10th President of Clark University
- Incumbent
- Assumed office July 1, 2020
- Preceded by: David Angel

Executive Vice President of The University of Chicago
- In office March 30, 2014 – July 30, 2020
- Preceded by: David A. Greene
- Succeeded by: Katie Callow-Wright

Personal details
- Born: December 10, 1964 (age 61) North Tarrytown, New York, U.S.
- Spouse: Michael Rodriguez
- Relatives: Lisa Fithian (sister)
- Education: Clark University Yale University
- Website: clarku.edu

= David Fithian =

American college administrator (born 1964)

David Brooks Fithian (born December 10, 1964) is an American academic administrator who currently serves as the president of Clark University. Previously, he served as executive vice president of the University of Chicago. Fithian was born in North Tarrytown, New York. His elder sister is the political activist Lisa Fithian.

== Education ==
After earning a B.A. degree in sociology from Clark University in 1987, Fithian attended Yale University where he received three graduate degrees (M.A., 1988; M.Phil, 1990; Ph.D., 1994, with highest honors) in sociology. Fithian's doctoral dissertation, for which he was advised by Kai Erikson, was awarded Yale's Theron Rockwell Field Prize in May 1994.

== Career ==

Following graduate training, Fithian began his professional career as Assistant Dean of Freshmen in Harvard College in 1995 and spent more than a decade there in progressively more senior positions culminating in the role of associate dean of the Faculty of Arts and Sciences before leaving Harvard in 2007 for the University of Chicago. At UChicago, Fithian served as vice president and Secretary of the University until March 2014 when he became Executive Vice President.

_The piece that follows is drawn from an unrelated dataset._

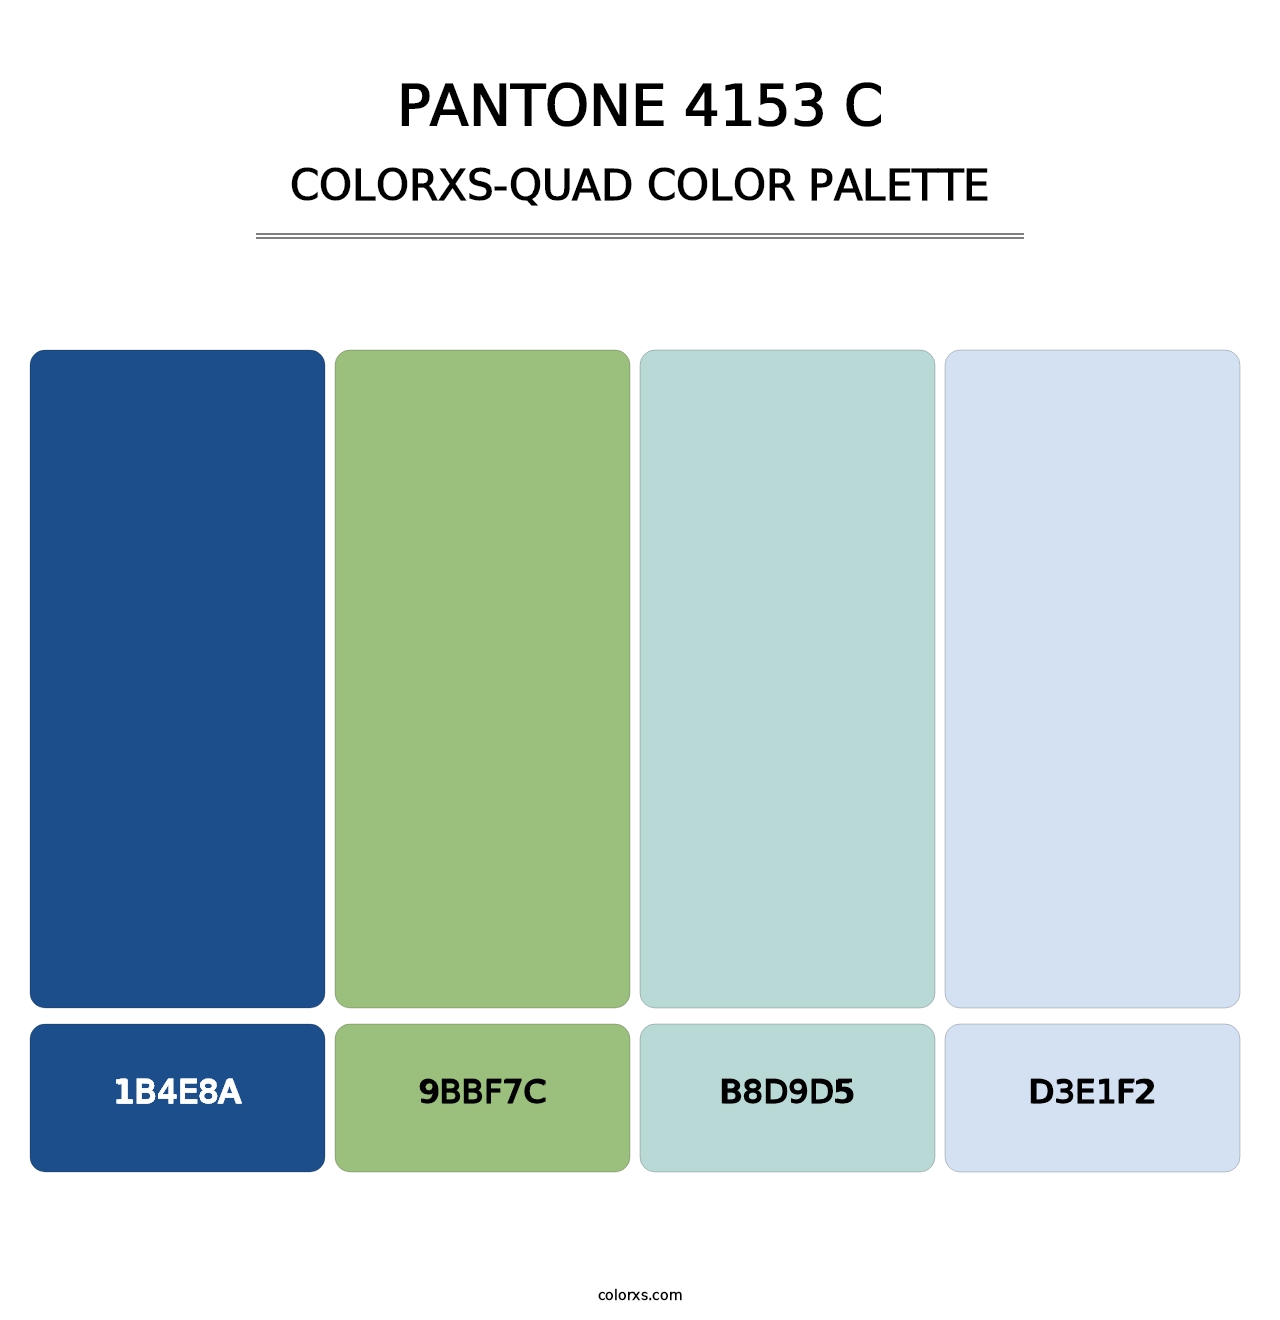 PANTONE 4153 C - Colorxs Quad Palette

While at Harvard, Fithian taught courses for a number of years for the Committee on Degrees in Social Studies.

===Clark University===

On January 13, 2020, the trustees of Clark University announced that Fithian would succeed David P. Angel to become the university's 10th president. He began that role July 1, 2020, and is the first alumnus to lead the institution. Fithian's first semester as president was impacted by the COVID-19 pandemic and racial equality protests on campus.

In April 2025, Fithian was one of more than 200 higher education leaders who signed a letter protesting government overreach by the Trump administration. Thirteen international students at Clark had had their visas revoked. Fithian also added Clark to the amicus brief in American Association of University Professors v. Rubio, a case contesting the visa revocation of students.

In June 2025, Fithian announced plans for substantial cutbacks and restructuring at the university due to lower enrollment and changing public attitudes toward college, including laying off a quarter of faculty over the next two years. The school also lost $1.5 million in grant funding from the federal government.

== Other interests ==

Fithian served as a trustee of the Marine Biological Laboratory (2014–2024) in Woods Hole, Massachusetts, and on the boards of Chapin Hall (2013–2019) and Court Theatre (2011–2014) at the University of Chicago.